OpenDNSSEC is meant to be a bump on the wire...
I'm trying to sign three zones,
One small - 19 NS delegations, not much else
One medium - 630 lines in the zone - all sorts of stuff.
One Large - just under a million NS Delegations, of which about 20 have
DS records..
The large zone is logging in syslog:
ods-signerd: [worker[1]] sign zone co.za failed: processed 53355 of
54355 RRsets
ods-signerd: [worker[1]] CRITICAL: failed to sign zone co.za: General
error
ods-signerd: [worker[1]] backoff task [sign] for zone co.za with 60
seconds
ods-signerd: [engine] signer shutdown
That doesn't look good to me.

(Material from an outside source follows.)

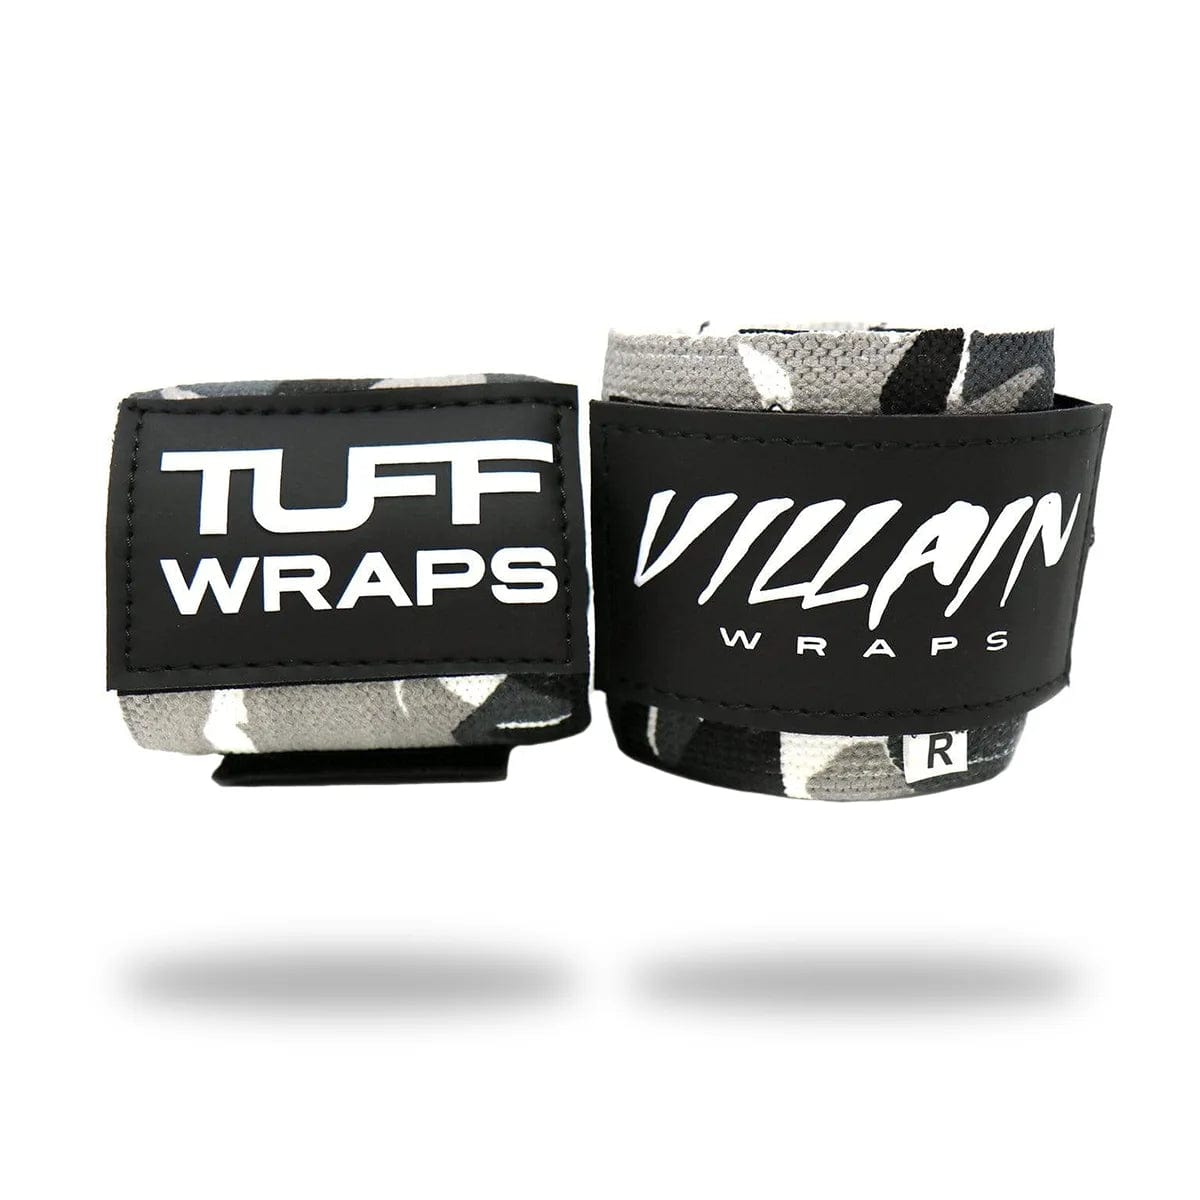 30" Villain Wrist Wraps - Black Camo TuffWraps.com

Where can I find out more?
My setup is...
Box1, running BIND 9.9.4 - Master for all three domain
Box2, OpenDNSSEC. set up for NSEC3, OptOut...
Box3, running BIND 9.9.4, Slave for the three domains.
I also have the feeling that Notifies get lost from Box1 to Box2...
(unless I stop/start)
Can't "dig" Box2 (OpenDNSSEC) anymore either...
yet...
addns.xml: contains...
<ProvideTransfer>
<Peer><Prefix>::1</Prefix></Peer>
<Peer><Prefix>160.124.48.43</Prefix></Peer>
<Peer><Prefix>2001:42a0:1000:48::43</Prefix></Peer>
</ProvideTransfer>
(Can one use "0.0.0.0" as a wildcard???)
Then I stop and start and then I can "dig" again...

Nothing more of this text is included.